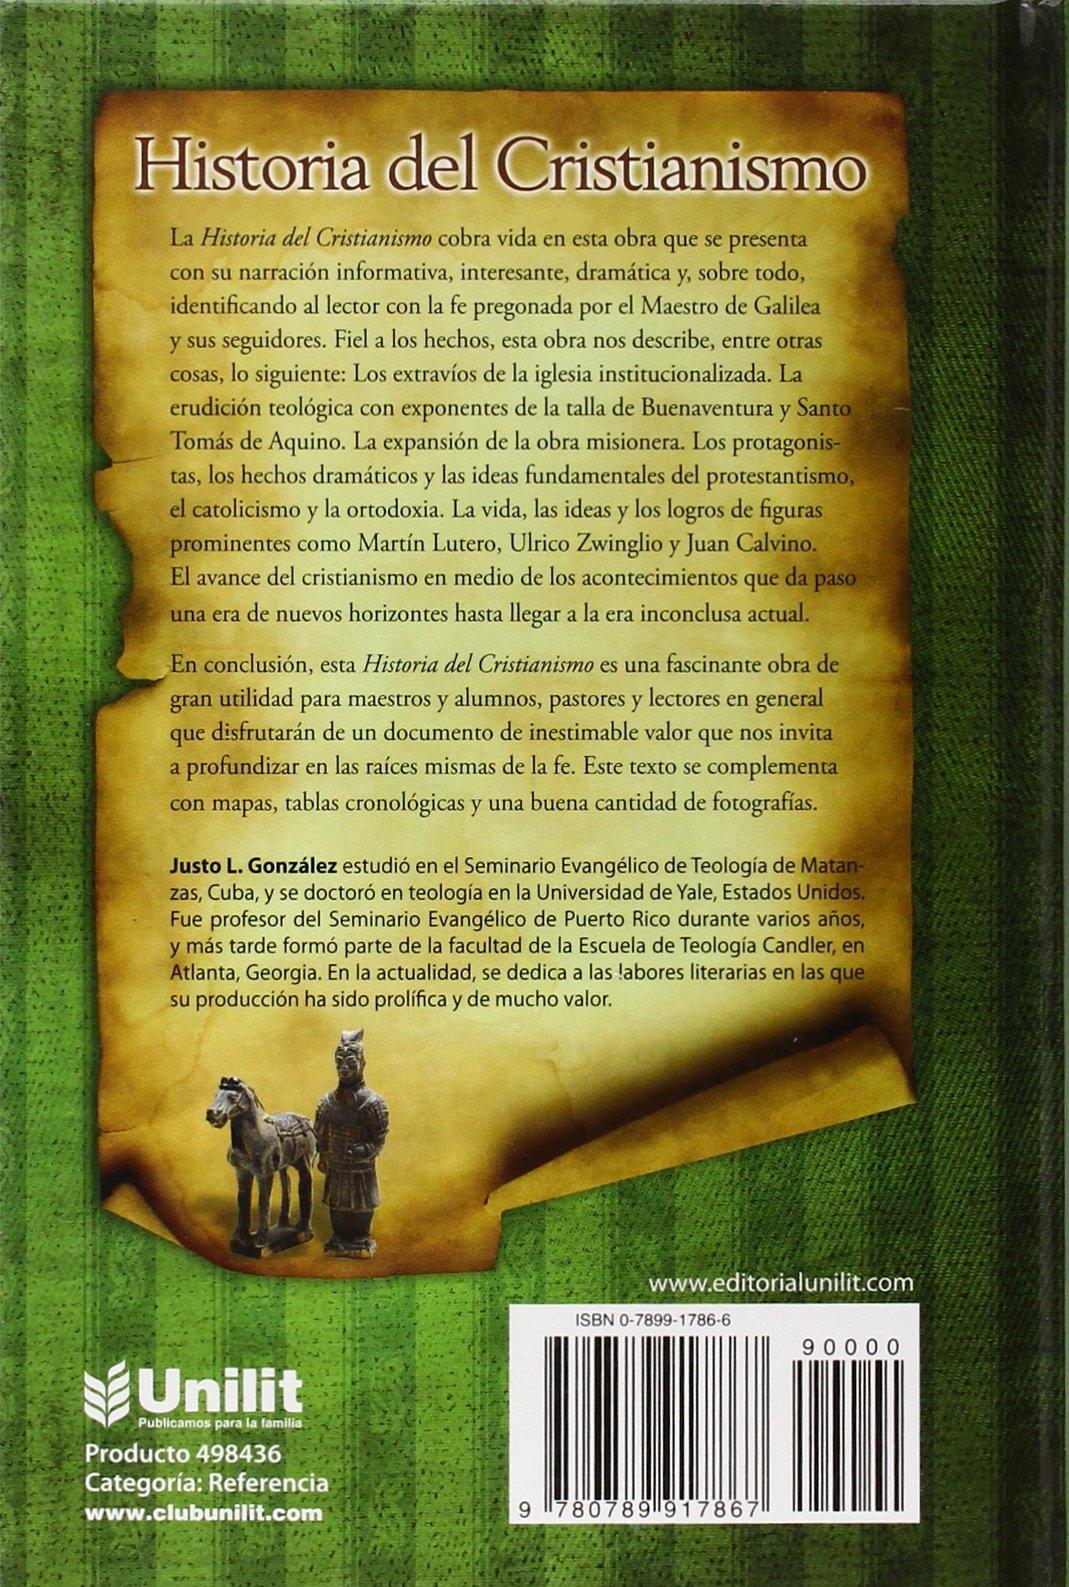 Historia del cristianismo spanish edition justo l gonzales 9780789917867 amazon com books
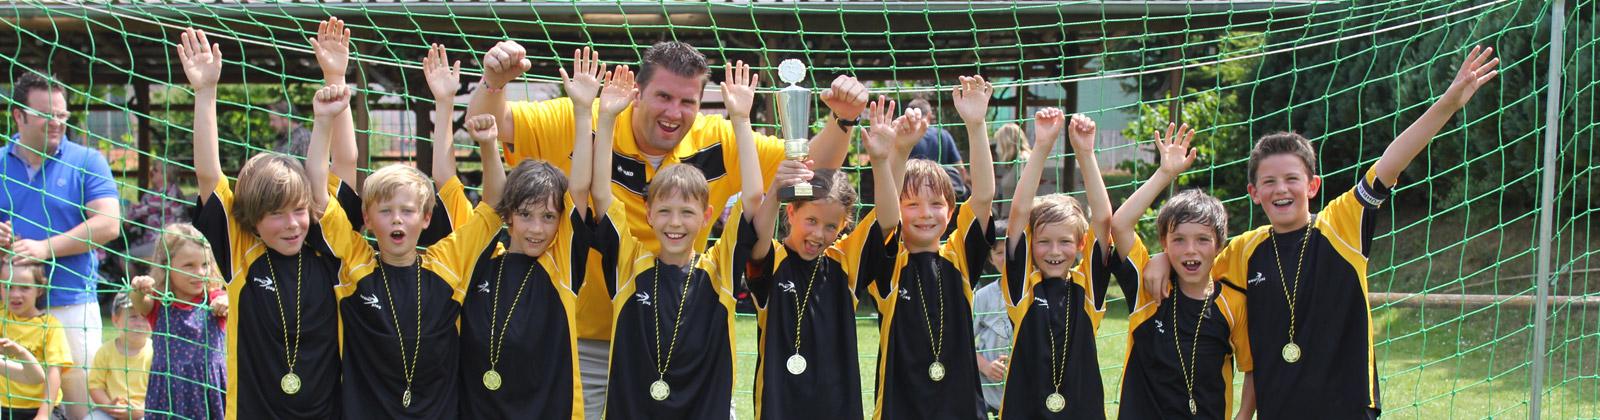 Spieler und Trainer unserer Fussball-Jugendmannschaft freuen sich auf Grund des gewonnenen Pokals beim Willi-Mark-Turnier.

+ + +

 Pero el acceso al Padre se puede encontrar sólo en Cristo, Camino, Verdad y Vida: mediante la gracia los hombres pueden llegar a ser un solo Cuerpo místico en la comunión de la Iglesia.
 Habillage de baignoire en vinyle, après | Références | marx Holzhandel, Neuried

+ + +

Goal of the exercise: In the listing above, find the line with "Pero el acceso" and the line with "Habillage de baignoire"; output exactly those lines and all lines between them.

Output for this exercise:
 Pero el acceso al Padre se puede encontrar sólo en Cristo, Camino, Verdad y Vida: mediante la gracia los hombres pueden llegar a ser un solo Cuerpo místico en la comunión de la Iglesia.
 Habillage de baignoire en vinyle, après | Références | marx Holzhandel, Neuried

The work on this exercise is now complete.